And I've a couple newb questions of my own, too..
I've been lifting recreationally for the past year or so, but I want to step my game up. I've decided to cut first so I have a solid base to work with, not too deep, just enough to get a bit of the pudge off my hips (refer to pictures). Judging from the other pictures posted.. I'd estimate I'm at, say.. 20% ? Give or take a few. I'm also pretty small.. I'm 5'6" and 133 lbs. I've been eating around 1500-1900 calories for 11 days and I haven't noticed any drops in numbers though I am shaping up a little, imo.
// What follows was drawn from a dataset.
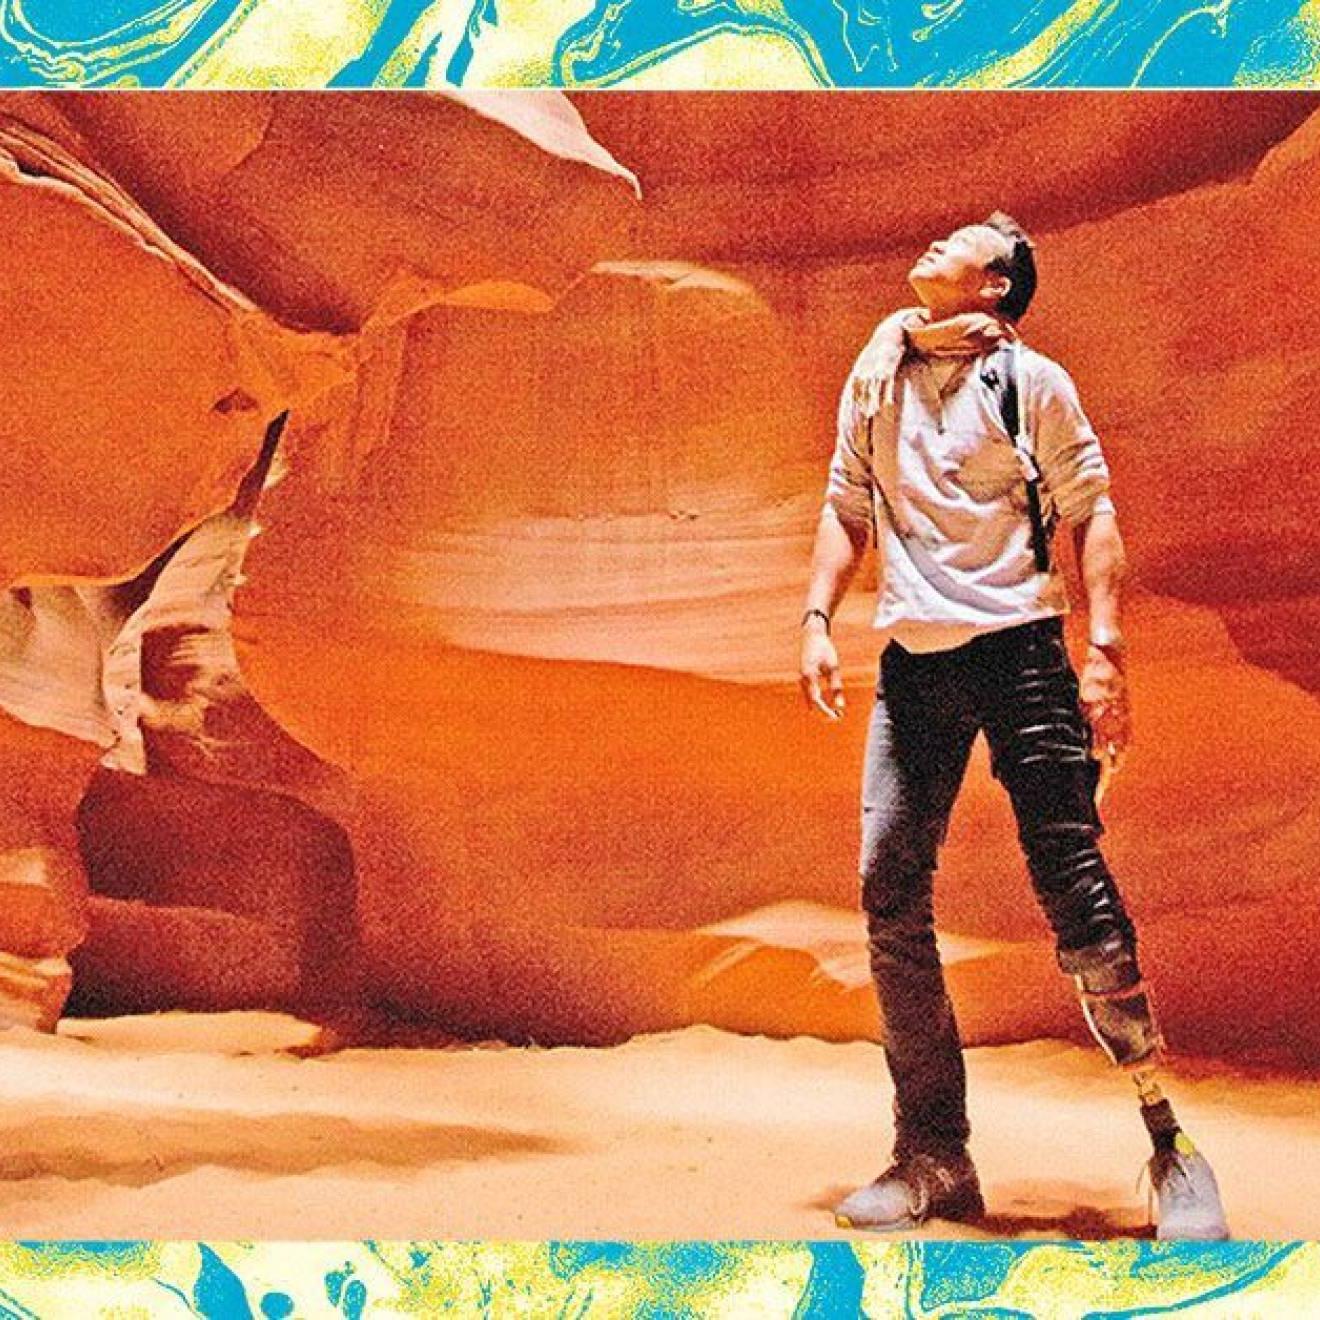 一位膝盖以下装着义肢的男性徒步旅行者仰望着峡谷的红色岩壁. 照片经过编辑和过滤，看起来颗粒状，周围是一个蓝绿色的纹理框架.

My main question has to do with weights. I lift weights with moderate intensity at minimum 3 times a week, but in between the days I'm looking for a good calorie burn and something to do. Since I'm not lifting heavy enough to get bigger, can it hurt to work out the same muscles 2 days back-to-back? And is the main purpose of weights while cutting to retain strength and burn calories?

I spent about a month stressing and planning and executing my macros, and it didn't do a thing for me, I get all caught up on the technicalities I lose interest in the art. should I just shoot for around 1500-1900 and keep my protein around 110 g's?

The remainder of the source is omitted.